More than 100 000 people have been detained, abducted or gone missing during Syria’s civil war, largely at the hands of the GoS. GoS forces arrested civilians perceived to be supporting the opposition or deemed insufficiently loyal to the government, including peaceful demonstrators, human rights activists, residents in opposition-held areas and relatives of suspected armed opposition fighters. Thousands of detainees are being held without trial, some since the outbreak of the conflict in 2011. Intelligence services were reported to commit systematic rights abuses. They created a wide network of informants and used phone surveillance to ensure that the government kept a close watch of the most mundane of Syrians’ everyday life and to restrict criticism of Assad and his government. [Targeting 2020, 1.1.1, p. 18]

On 30 April 2022 the president issued Legislative Decree No 7 which included a general amnesty for terrorist crimes. The amnesty did not cover persons charged under other laws, political prisoners and prisoners of conscience. Some 539 persons have been released. However, by May 2022, 132 000 Syrians were still under arrest or forcibly disappeared. [Targeting 2022, 1.1.1, pp. 19-20; Security 2022, 1.4.1, p. 29]

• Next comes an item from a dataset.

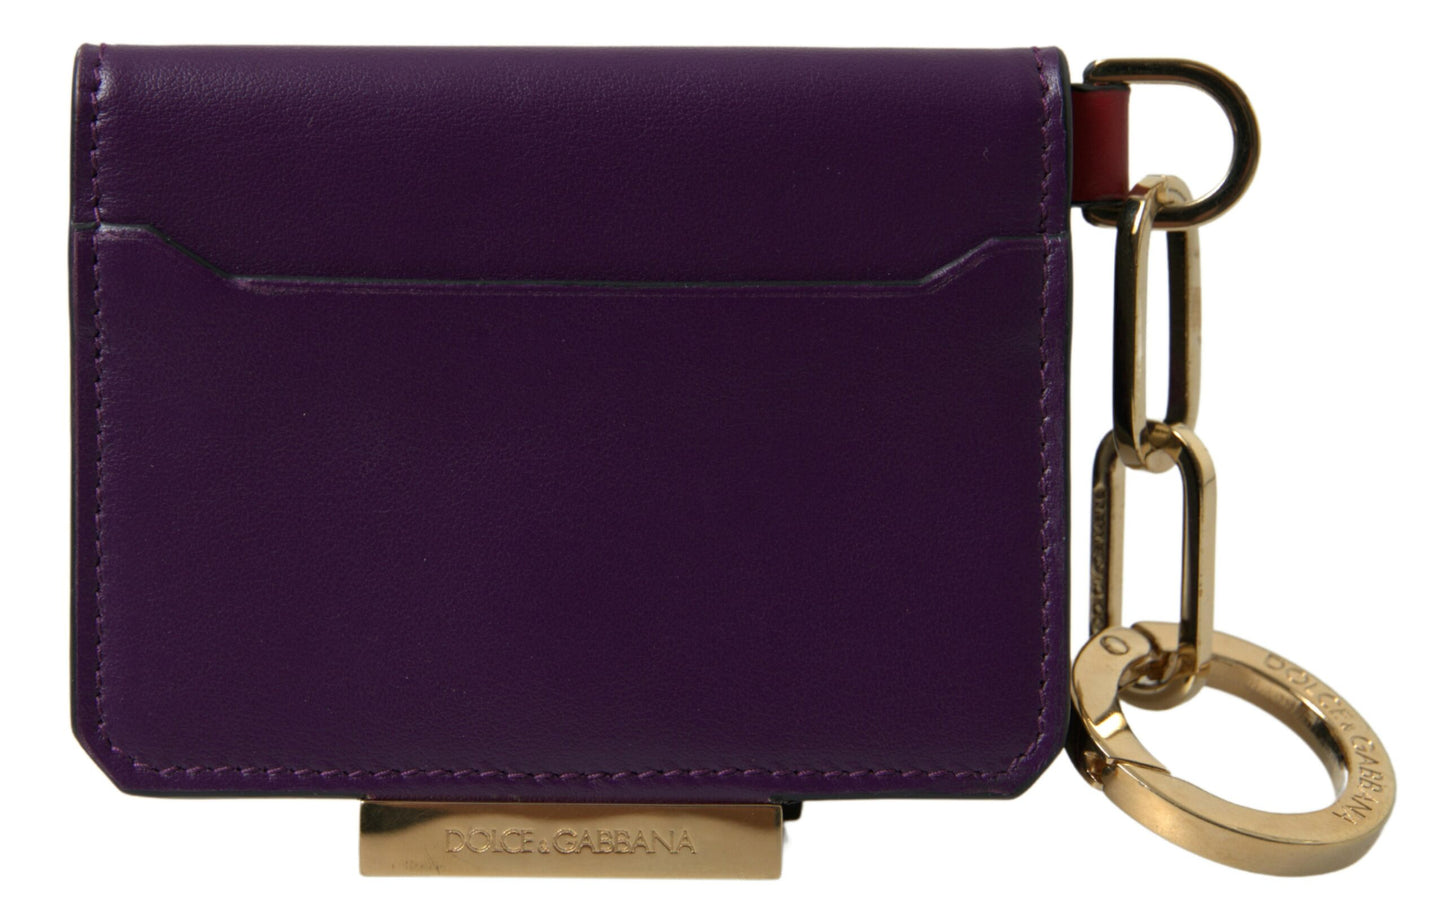 Dolce & Gabbana Purple Leather French Flap Wallet

On 28 March 2022 GoS passed a law criminalising torture, while during the first half of 2022, 90 deaths by torture at the hands of GoS and affiliated partners were recorded [Security 2022, 1.4.1, p. 28; Targeting 2022, 1.1.2, p. 21]. Government forces, especially the intelligence branches, are reported to torture perceived opponents. Most of the victims were men between the ages of 18 and 60, but torture of women and children was also reported. Extrajudicial executions by the intelligence branches were also reported. The massive and systematised torture and killing of detainees in Syria’s state prisons over the course of the conflict is widely documented [Targeting 2020, 1.1.2, p. 16, 1.1.4, p. 18]. Civilians perceived to be opposed to the government claimed to have been denied access to medical treatment in Damascus. [Damascus 2022, 3.6.1, p. 52].